INSTRUCTIONS TO FOLLOW |
The response should consist of every line below, restated exactly, with no pictures.

MATERIAL PROVIDED |

━━━━━━━━━━━━━━━━

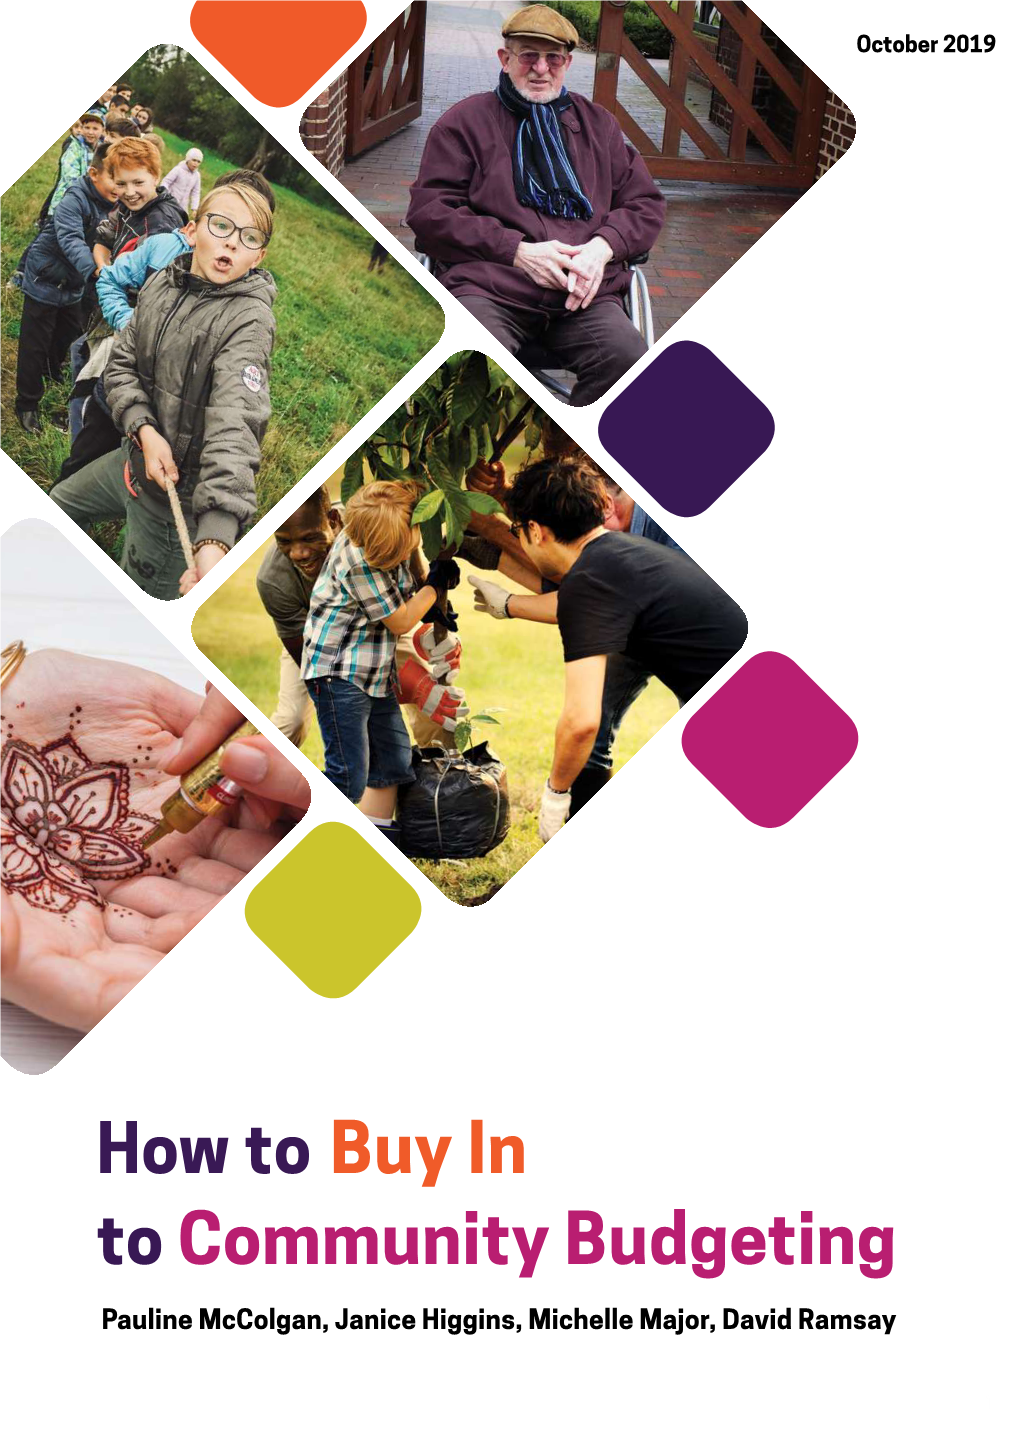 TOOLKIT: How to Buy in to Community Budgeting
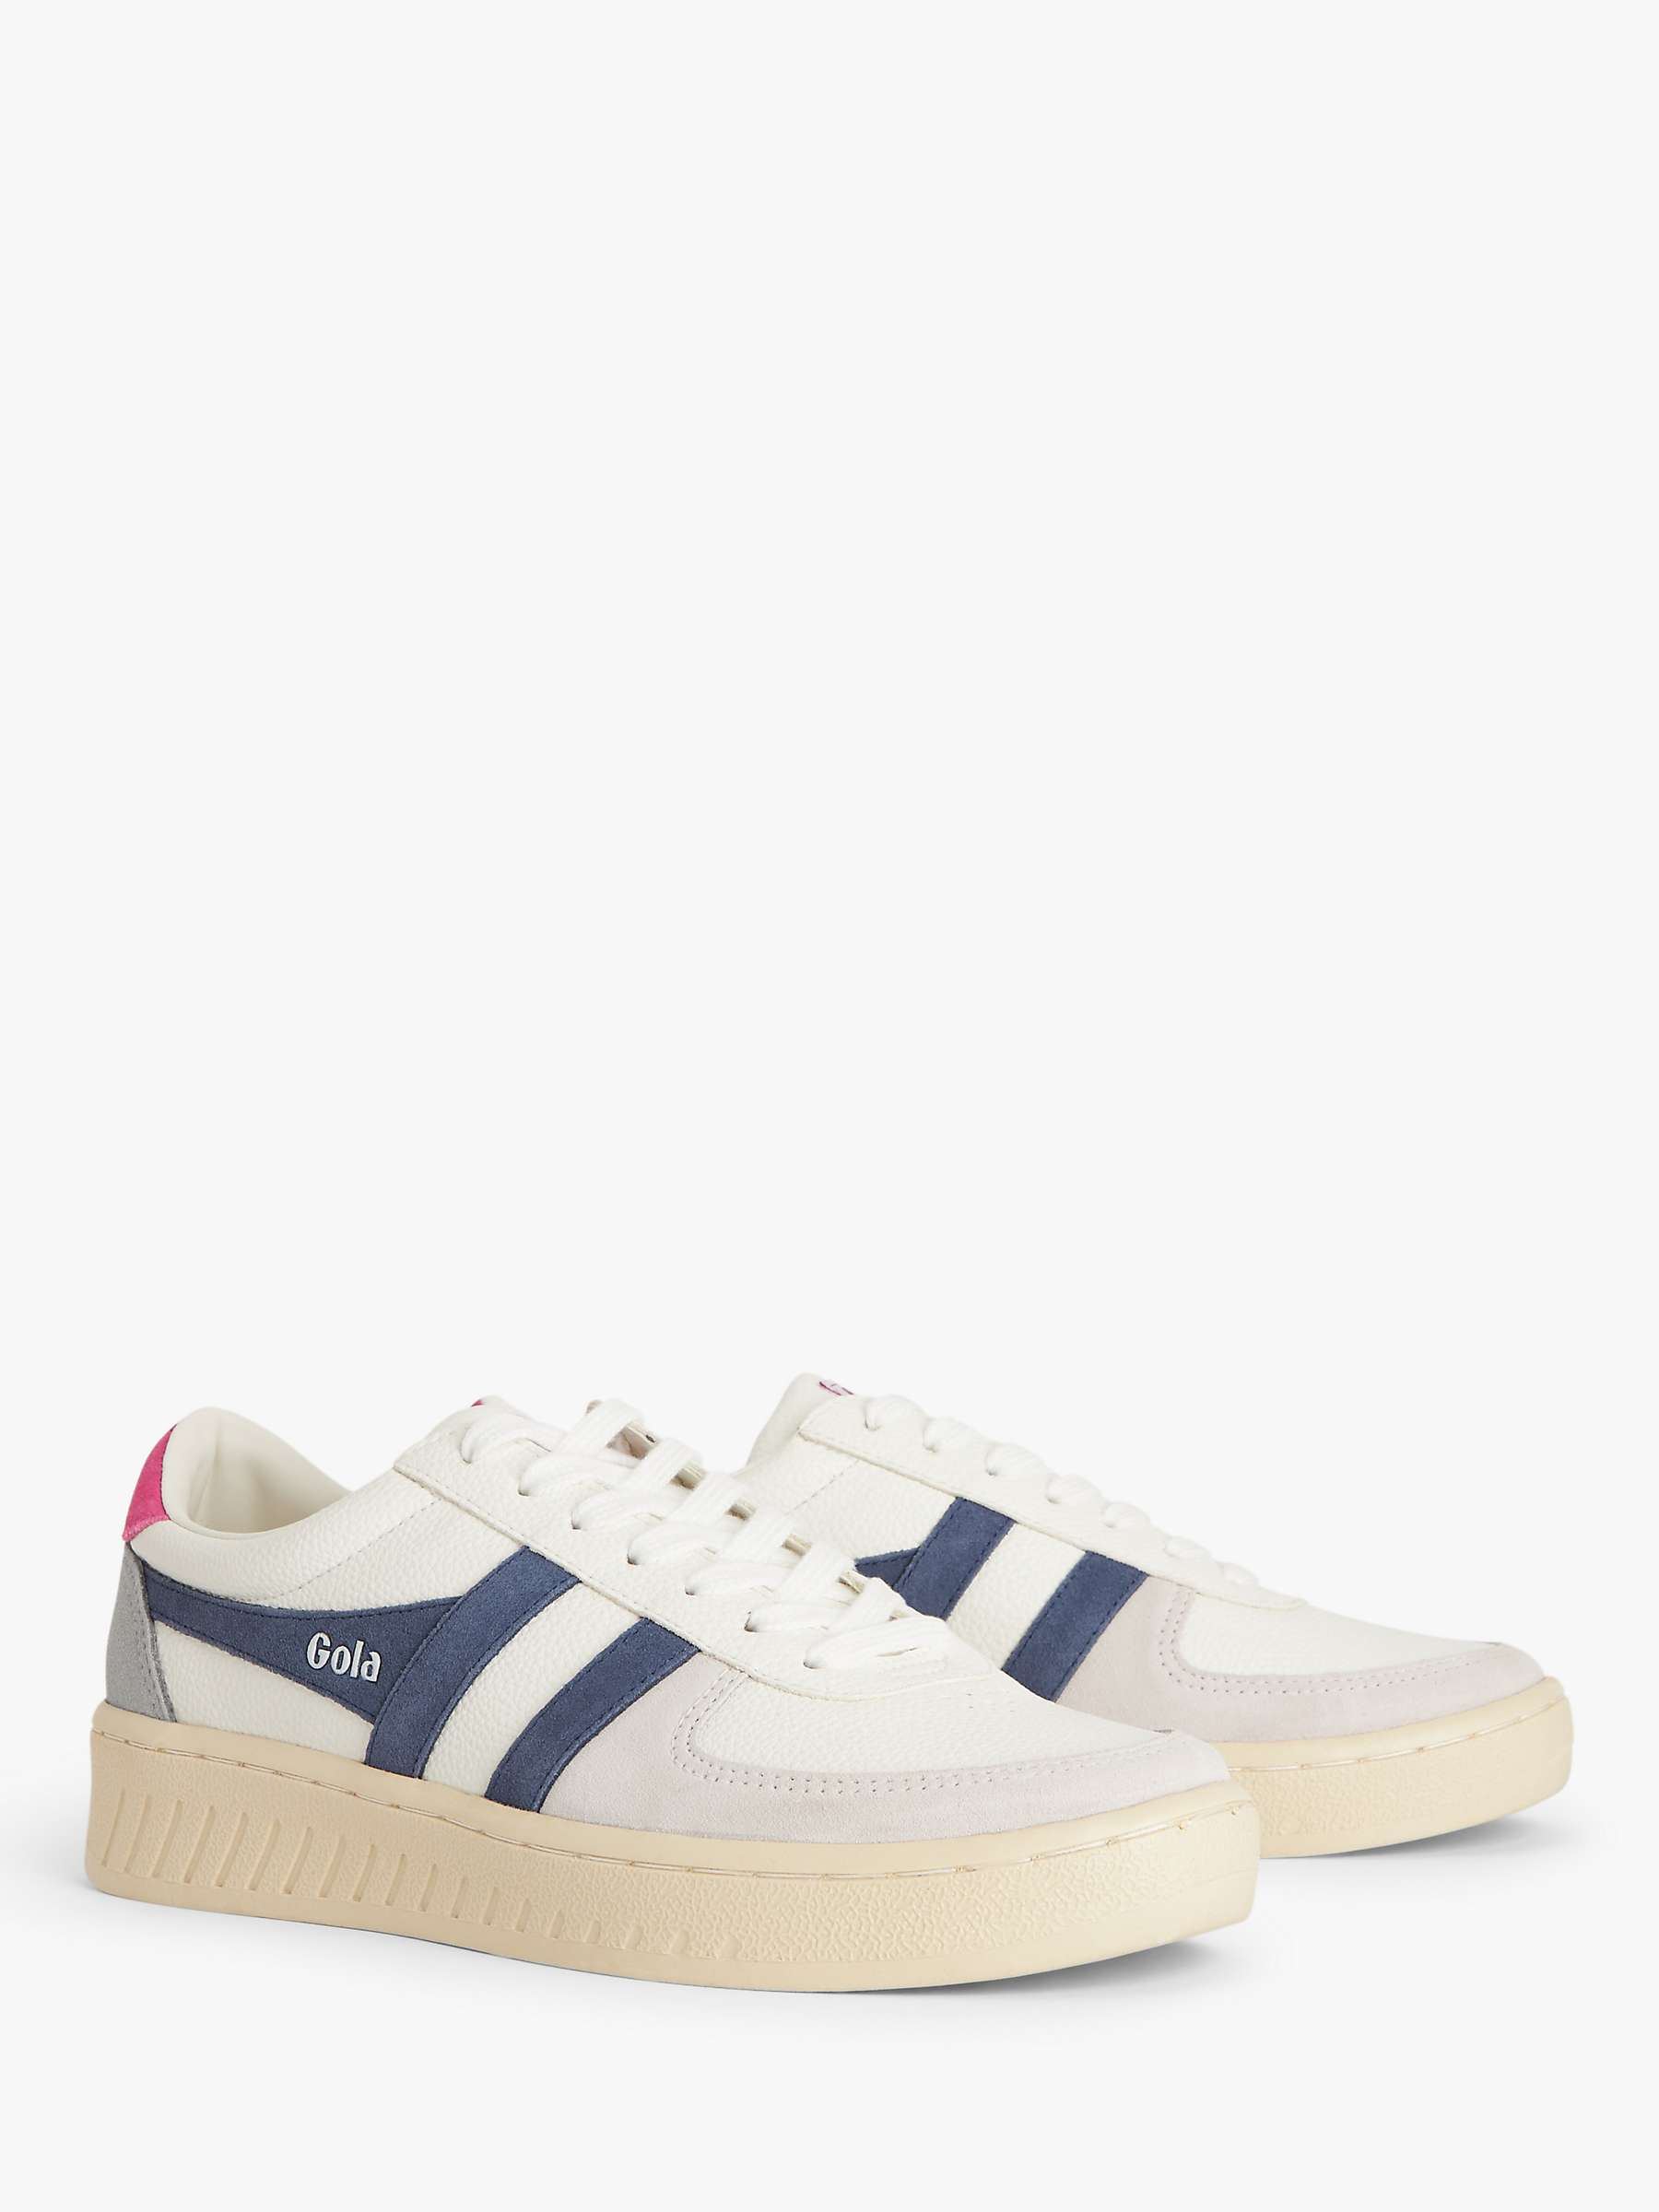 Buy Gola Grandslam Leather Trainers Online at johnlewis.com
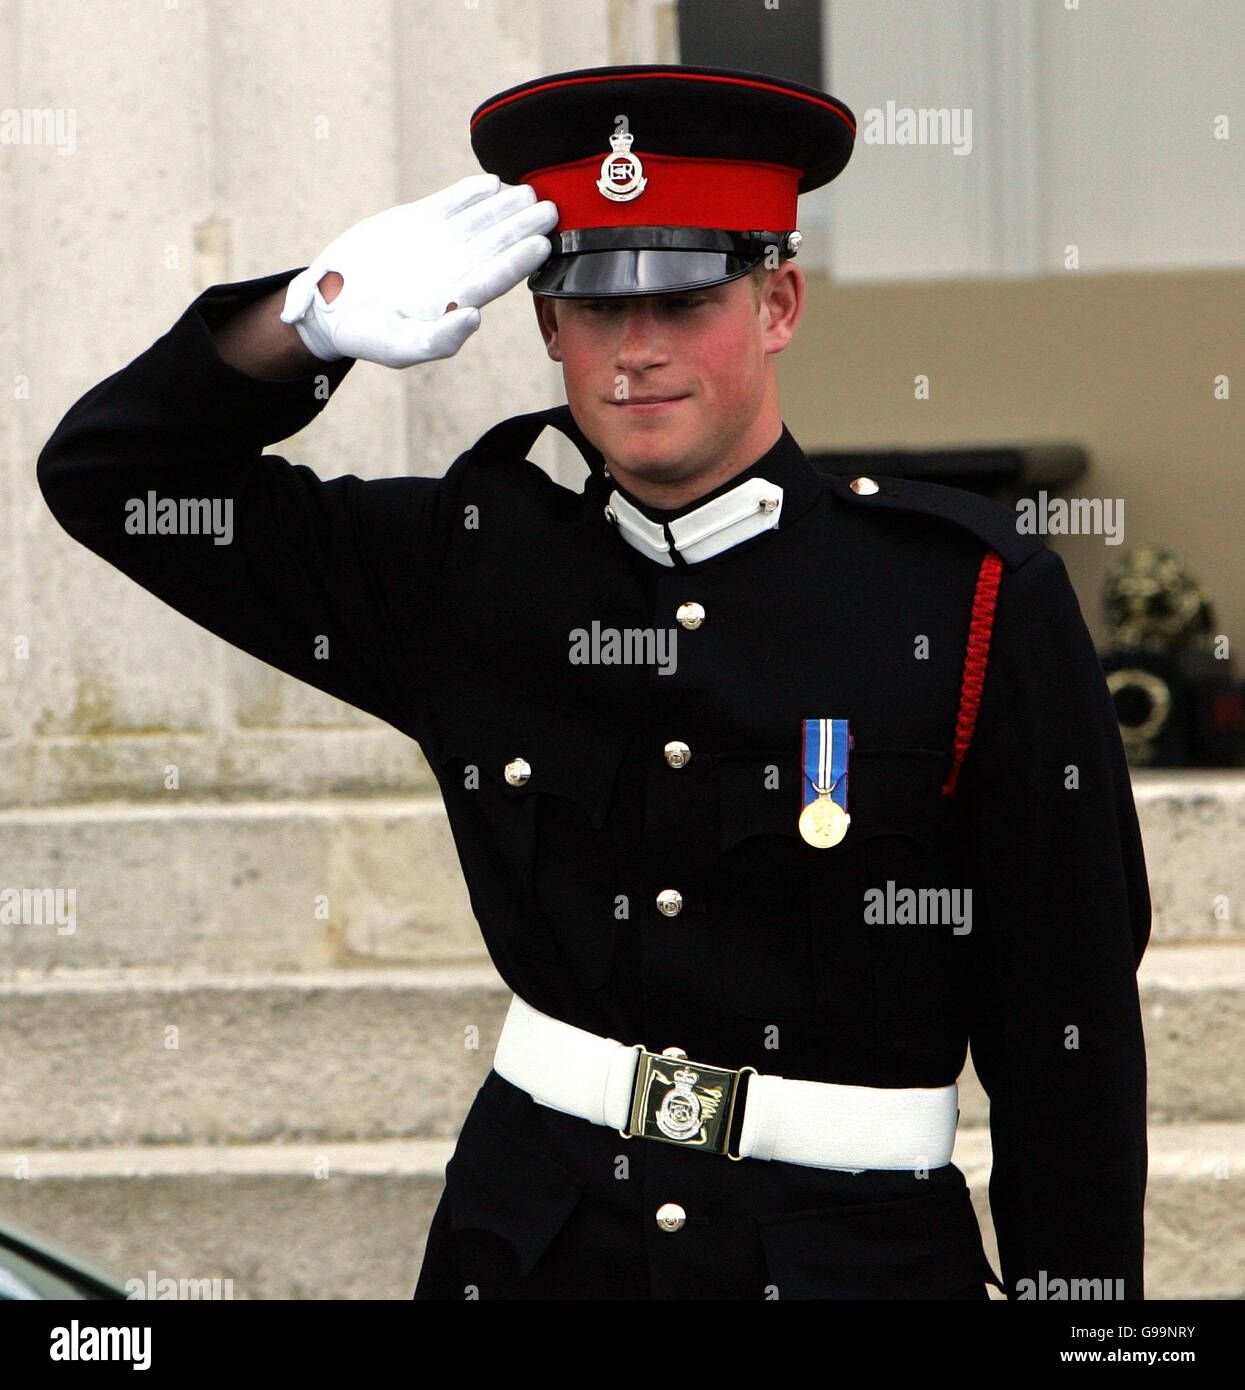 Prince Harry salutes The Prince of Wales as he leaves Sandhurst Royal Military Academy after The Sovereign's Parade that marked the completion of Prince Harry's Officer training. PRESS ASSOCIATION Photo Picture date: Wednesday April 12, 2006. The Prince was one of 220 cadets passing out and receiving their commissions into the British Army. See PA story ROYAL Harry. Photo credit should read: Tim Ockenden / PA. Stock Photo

━━━━━━━━━━━━━━━━

EXERCISE RESPONSE |
 TOOLKIT: How to Buy in to Community Budgeting
 Buy Gola Grandslam Leather Trainers Online at johnlewis.com
 Prince Harry salutes The Prince of Wales as he leaves Sandhurst Royal Military Academy after The Sovereign's Parade that marked the completion of Prince Harry's Officer training. PRESS ASSOCIATION Photo Picture date: Wednesday April 12, 2006. The Prince was one of 220 cadets passing out and receiving their commissions into the British Army. See PA story ROYAL Harry. Photo credit should read: Tim Ockenden / PA. Stock Photo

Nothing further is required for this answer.